The special focus section of the MDU sheds light on how digital technologies can be game changers for Maldives’ growth and development. The COVID-19 pandemic has accelerated the digital transformation that was already underway, thanks to relatively high broadband and mobile internet penetration in the country. About 63 percent of the population used the Internet in 2019, a higher proportion than in other South Asian countries and peers outside the region. There is tremendous potential to use digital technologies to improve the delivery of services such as health, education, and disaster risk management, especially to outer atolls.

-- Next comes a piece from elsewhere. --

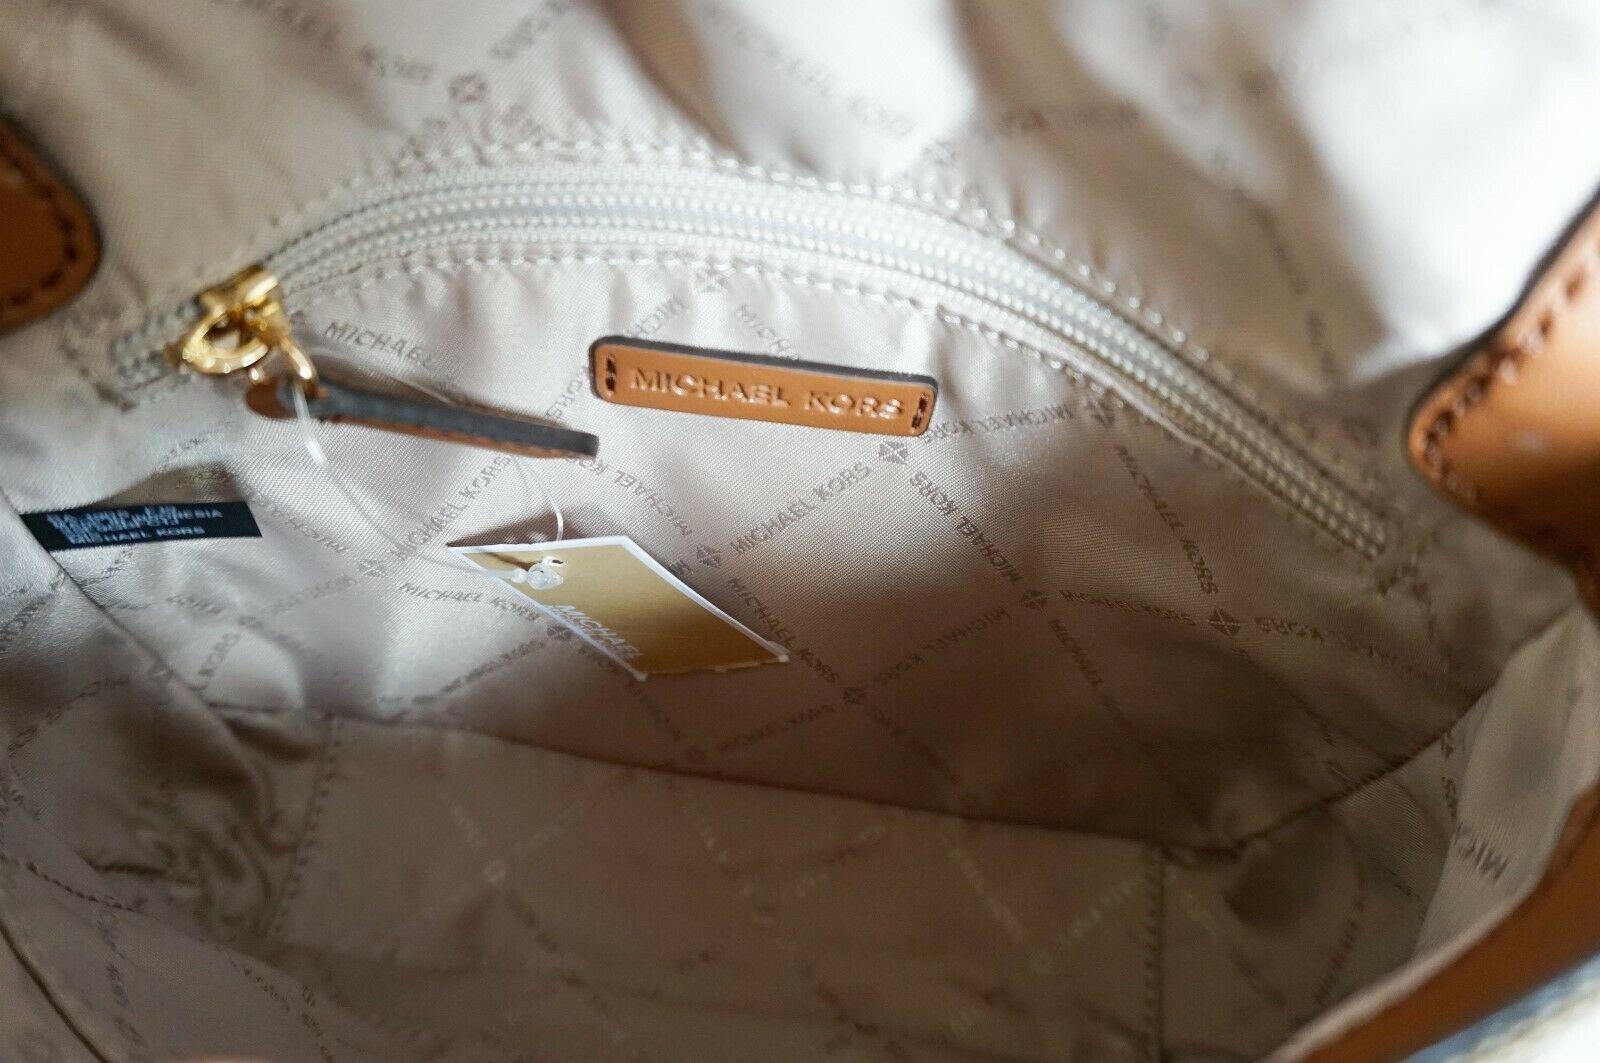 Michael Kors Bedford Small Flap Crossbody Jacquard Leaher Bag MK Beige Brown image 8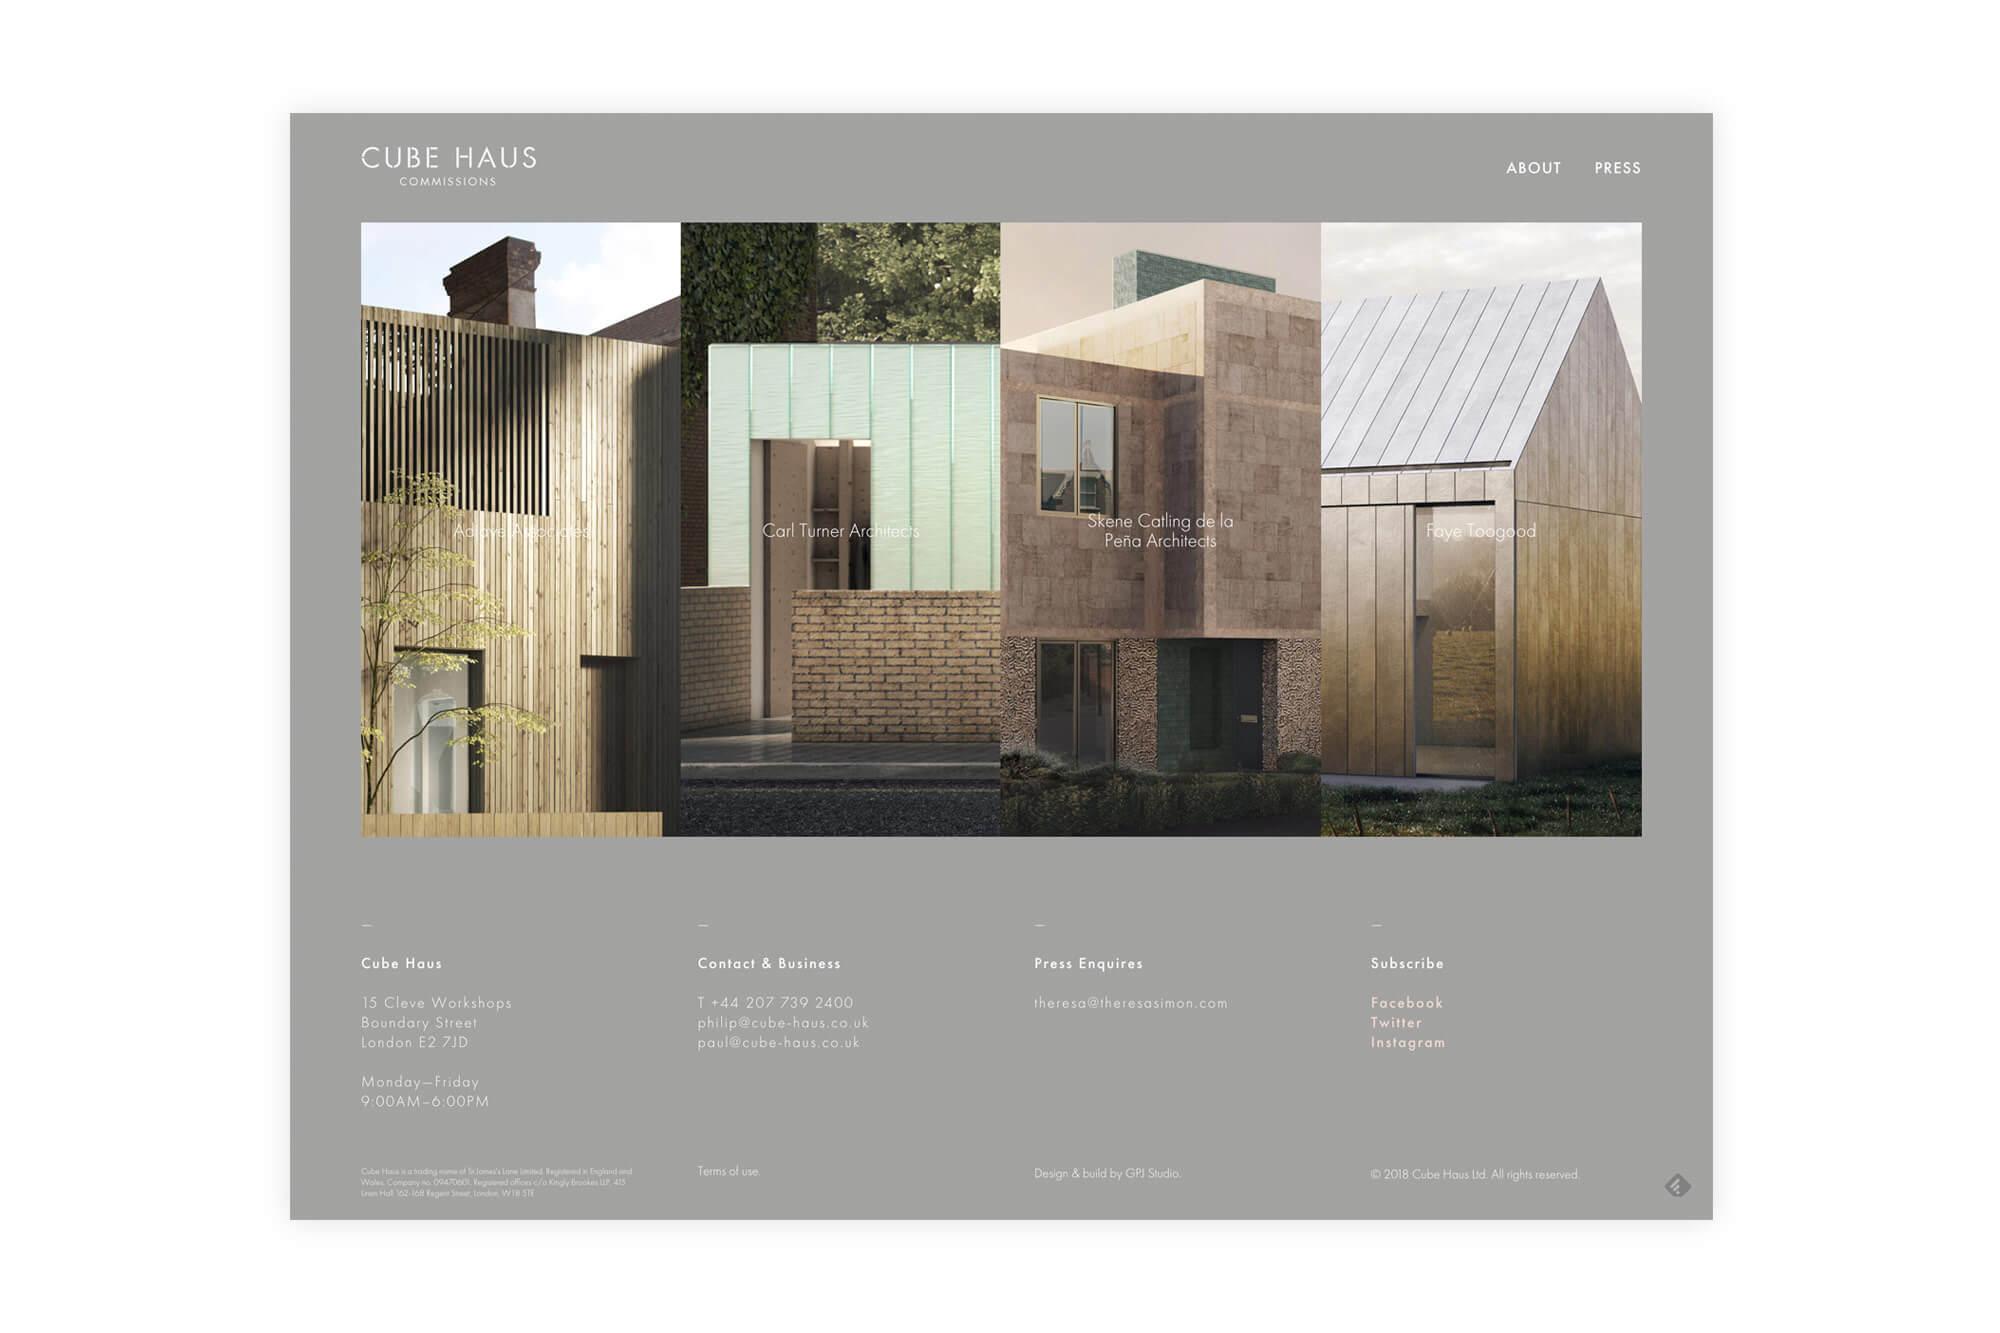 gpj-studio-cube-haus-architects-website-cs-02

To leverage the digital dividend, Maldives needs to address policy, legal and regulatory gaps that currently inhibit the adoption of digital technologies. It also needs to boost Maldivians’ digital capabilities and skills to ensure that all Maldivians can take advantage of new technologies in an increasingly digital world.
“Wider use of digital technologies can help the government improve service delivery and allow smaller businesses and informal workers to expand access to markets,” said Junko Narimatsu, lead author of the special focus section. “However, for digital development to play a more prominent role in Maldives’ economic recovery, it is essential to close the digital divide between Male’ and the atolls.”